BEGIN

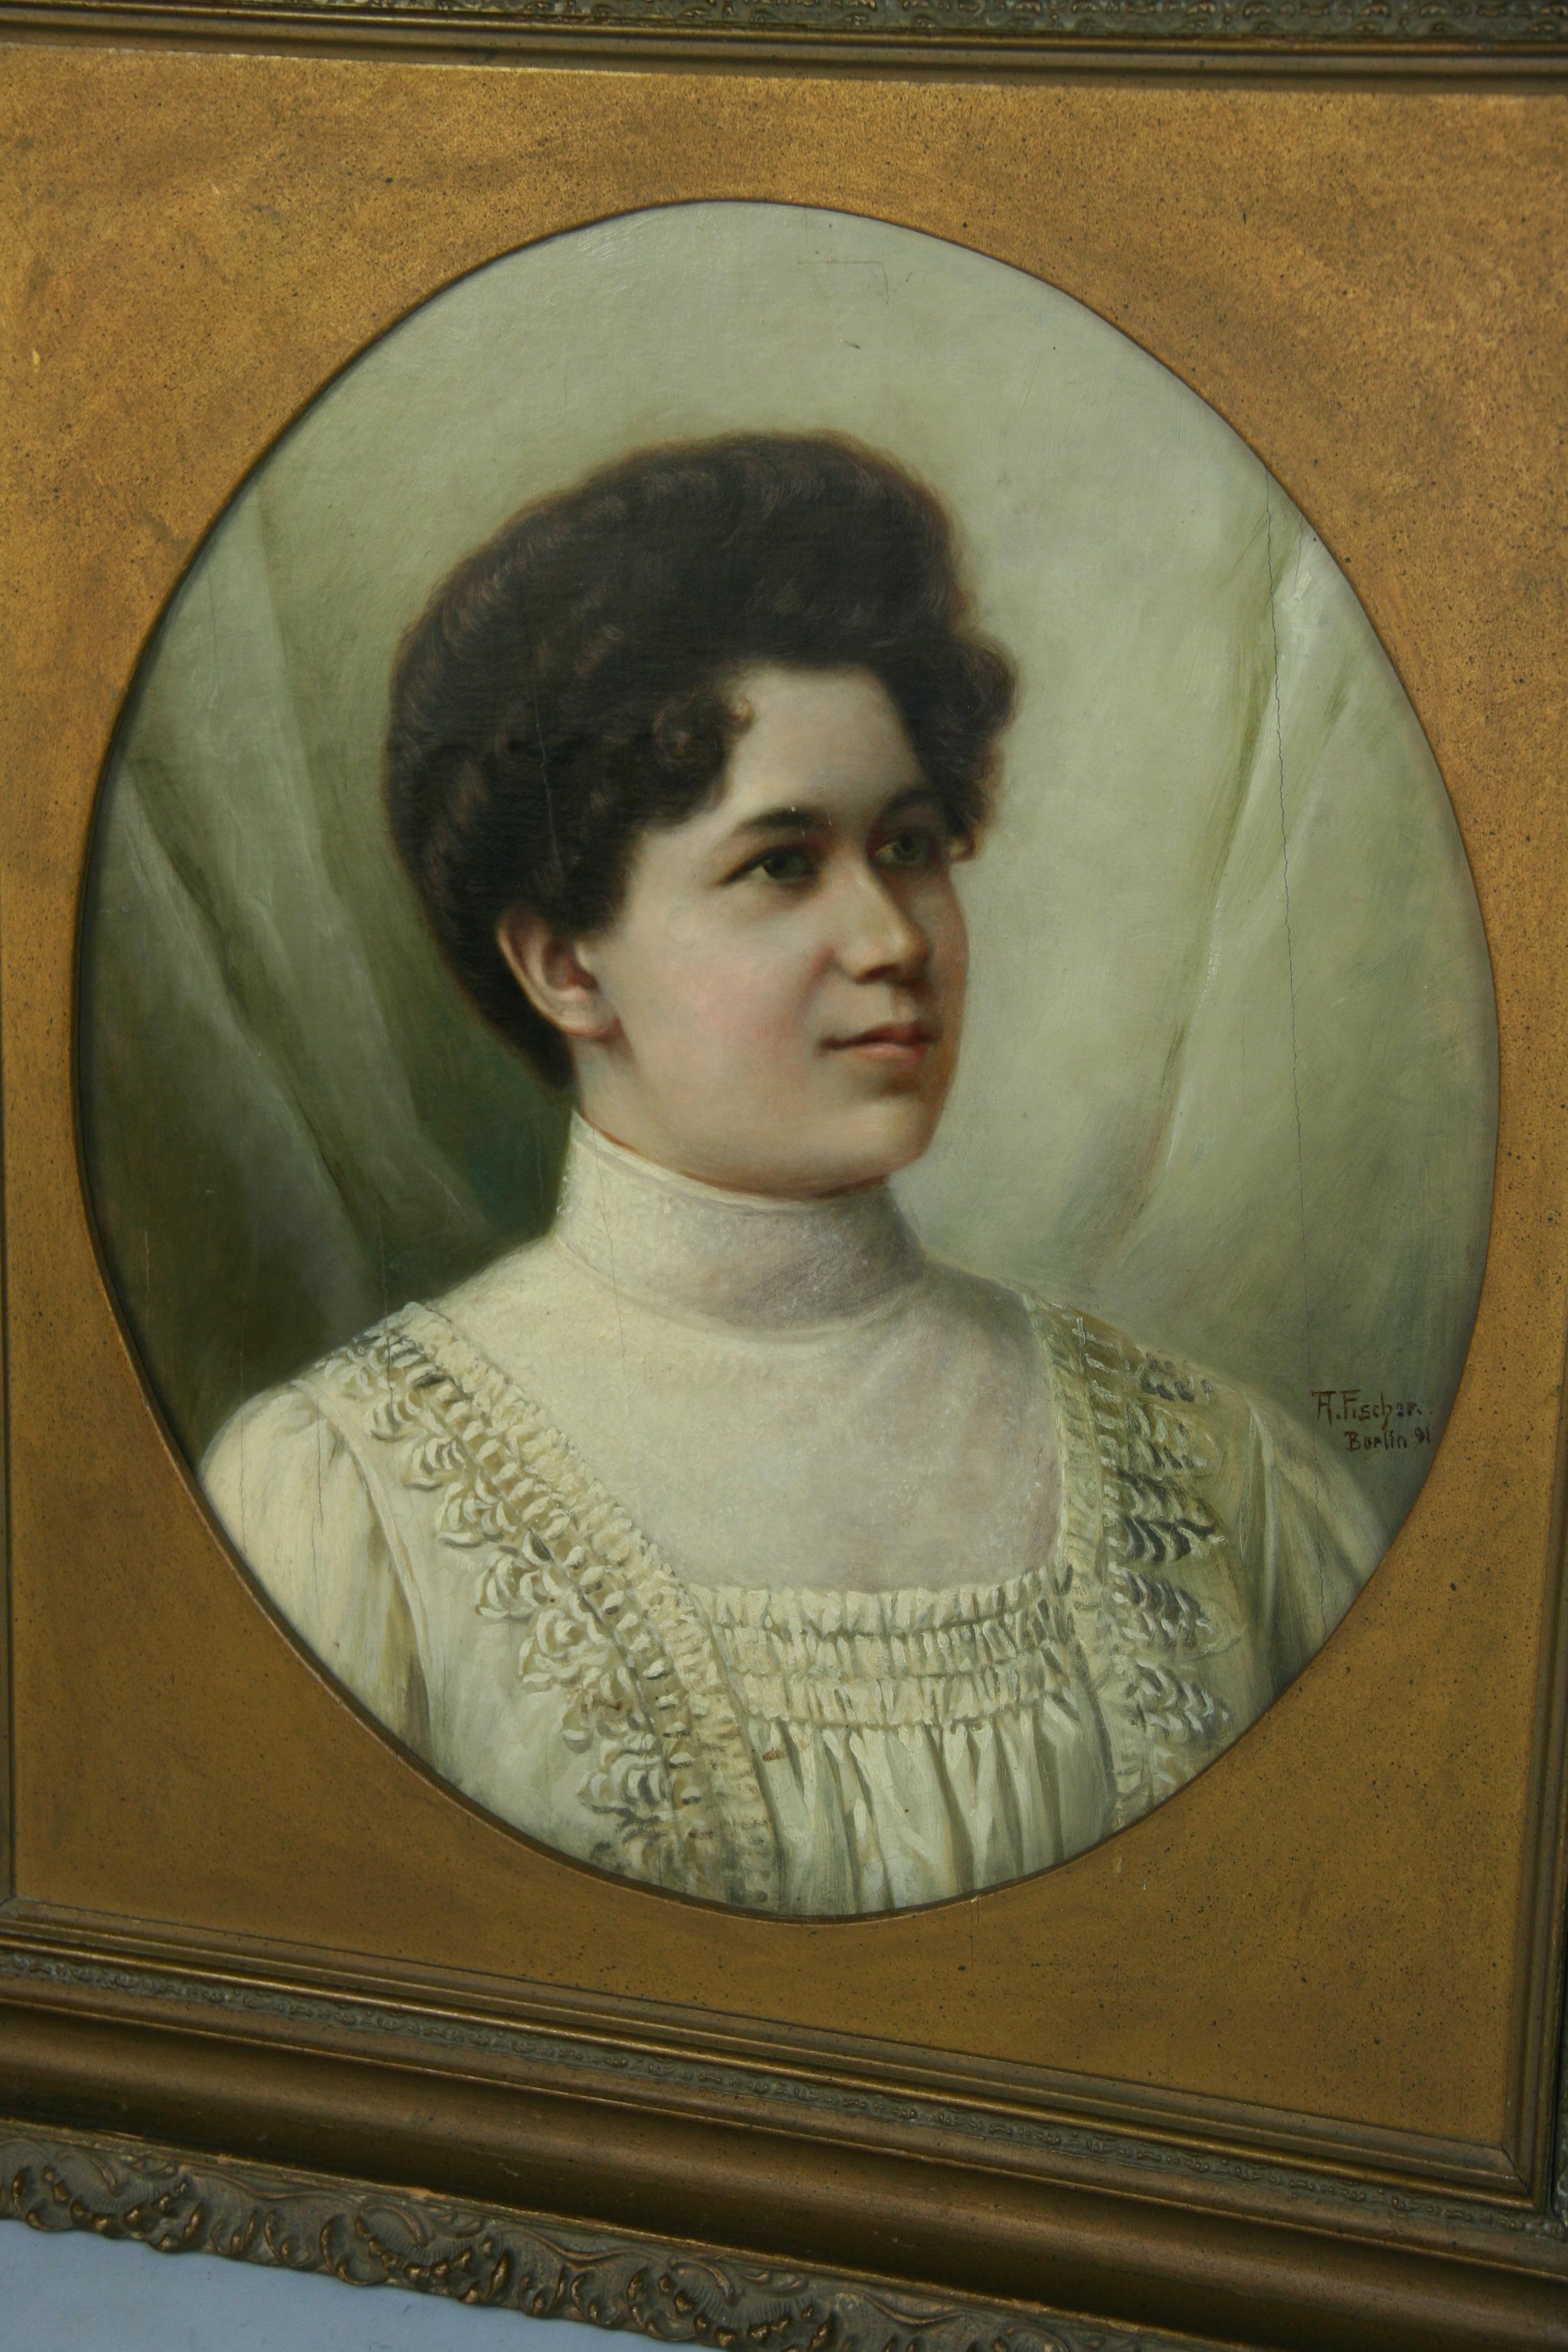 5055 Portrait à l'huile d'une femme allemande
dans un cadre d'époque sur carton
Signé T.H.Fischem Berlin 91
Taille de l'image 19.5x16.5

END

### To do
The data above must be copied exactly. Leave out the pictures.

### Final answer
 5055 Portrait à l'huile d'une femme allemande
dans un cadre d'époque sur carton
Signé T.H.Fischem Berlin 91
Taille de l'image 19.5x16.5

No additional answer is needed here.